Скрипнула дверь. Таня сунула под простыню третий том "Войны и мира" и мгновенно притворилась спящей. Осторожные, на цыпочках, шаги приблизились к ее кровати.
– Николаева, – раздался шепот дежурной вожатой Ирмы Брейер, – вставай-ка, к тебе приехали…
Таня потянулась и приоткрыла глаза, старательно разыгрывая пробуждение. Потом вдруг удивилась – кто мог к ней приехать?
Окончательно открыв глаза, она уставилась на Ирму, хлопая ресницами.
– Ты, наверно, что-то напутала. Кто может ко мне приехать!
– К тебе, к тебе, – нетерпеливо повторила вожатая, – какой-то военный, он ждет в столовой на веранде. Одевайся живее, только без шума…
Таня кубарем вылетела из постели.
– Ой, знаю! – взвизгнула она тихо, хватаясь за свои вещи. – Ирмочка, это танкист, правда?
– Кажется, да… а ты что это, опять читала? – Отброшенная простыня предательски приоткрыла край книги. – Николаева, сколько раз нужно тебе повторять, что во время мертвого часа читать запрещено! Ты хочешь носить очки, да?
– Ой, что ты, Ирмочка, лучше умереть сразу… я ведь совсем немножко – полстранички… я днем совсем не могу спать, правда. И потом, здесь вовсе не так темно, это тебе с непривычки кажется…
Вожатая опять принялась говорить строгим тоном разные скучные вещи, но Таня уже помчалась к выходу.
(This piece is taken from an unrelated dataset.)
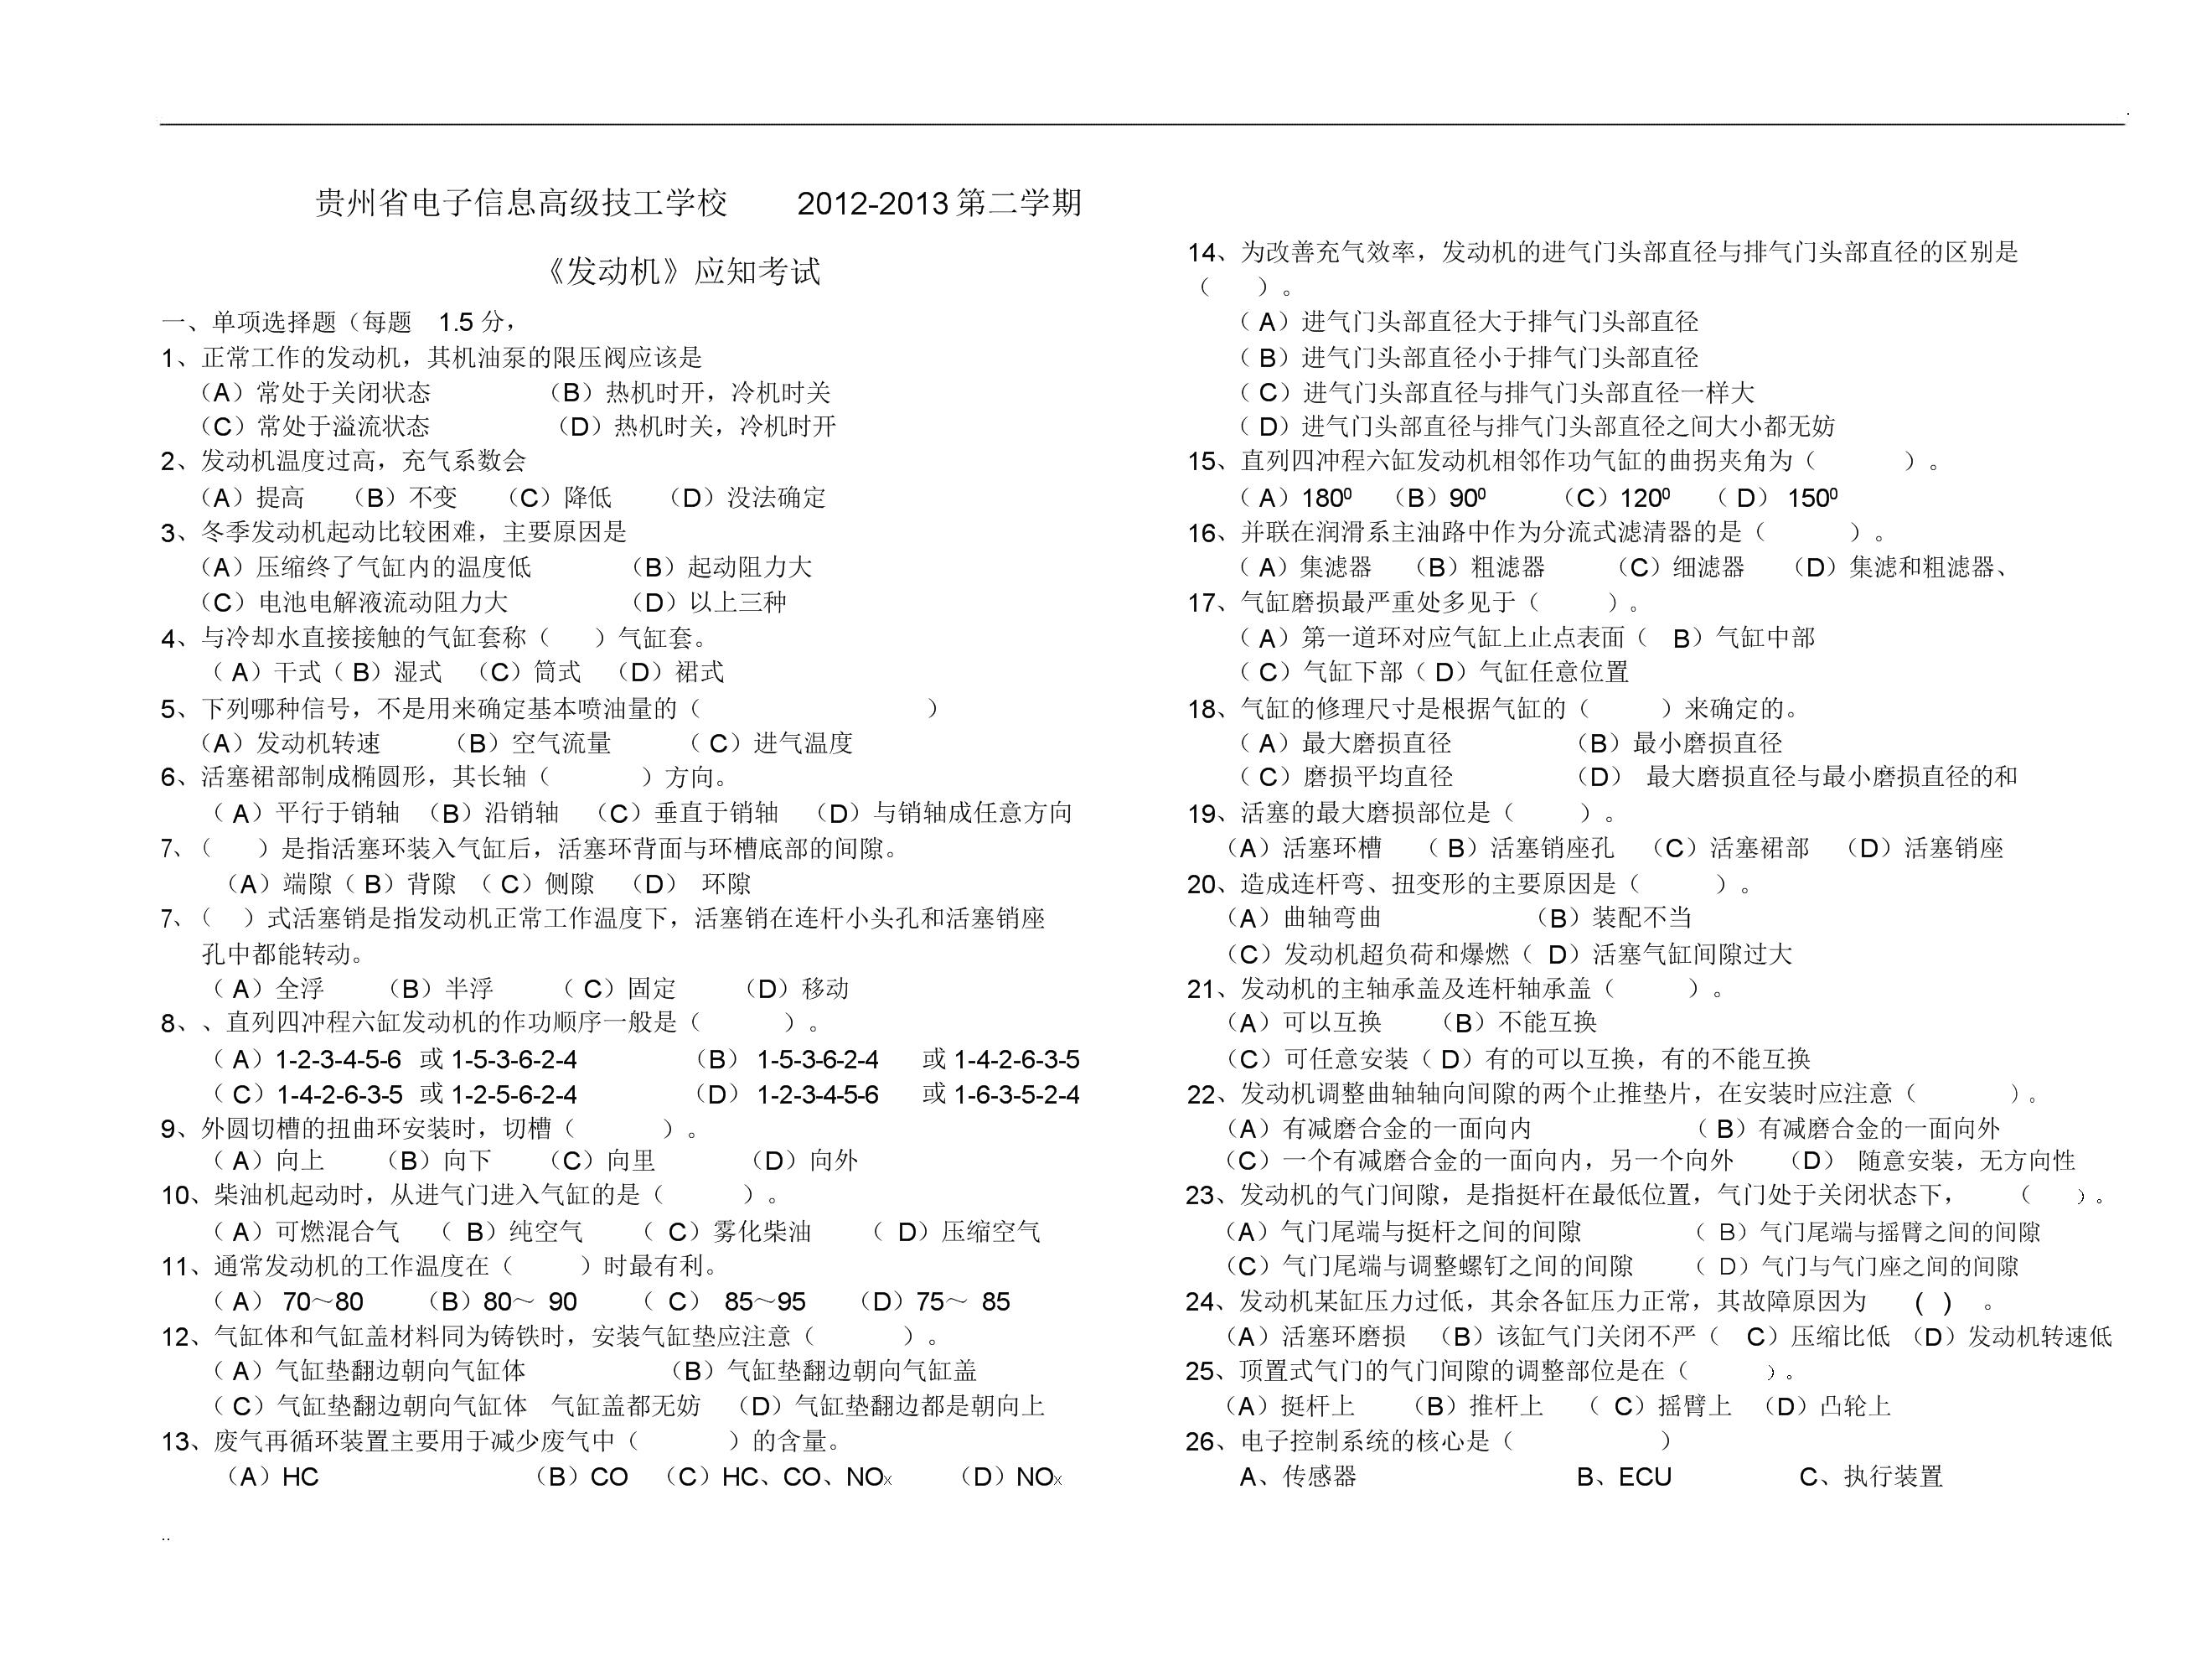 贵州省电子信息高级技工学校2012-2013第二学期《发动机》应知考试.docx

Съехав для скорости по перилам – вышедшая следом Ирма Брейер только крикнула что-то и безнадежно махнула рукой, – она выскочила наружу, в августовский послеобеденный зной, и понеслась к лагерной столовой.
На увитой диким виноградом веранде уже сновали дежурные, расставляя по столам чашки и корзинки с хлебом для четырехчасового чая. Таня еще издали увидела лежащую на углу крайнего стола, около входа, знакомую фуражку с черным околышем. Владельца ее не было видно из-за винограда.
Она взлетела по ступенькам, готовясь наброситься на Дядюсашу, и вдруг замерла, – это оказался вовсе не Дядясаша, а какой-то совершенно незнакомый ей худой лейтенант с пышной шевелюрой завидного черного цвета. Лейтенант улыбнулся и встал.
– Это вы будете – Николаева Татьяна? – спросил он с твердым кавказским акцентом.
– Угу, – растерянно кивнула Таня. – А вы… ко мне?
– Лейтенант Сароян, – вместо ответа представился гость, протягивая ей руку.
Таня пожала ее, по-мальчишески тряхнув головой.
– Вы не от Дядисаши? – просияла она вдруг, только сейчас догадавшись.
– Так точно, от него. Он просил заехать – я сейчас в Баку еду, и у меня еще в Кисловодск есть одно поручение, обязательно нужно сделать – очень просили. Так что вы сейчас собирайтесь, поедем вместе.
– Куда, в Баку? – Таня нерешительно сморщила нос.
Лейтенант засмеялся:
– Зачем так далеко, – в Кисловодск, понимаете? У меня поручение есть: один наш командир раненый лежит, а жена в Кисловодске и ничего не пишет. Просил заехать, спросить, почему не пишет. Поедем вместе, я вам про Александра Семеновича расскажу, а вечером привезу обратно. Согласны?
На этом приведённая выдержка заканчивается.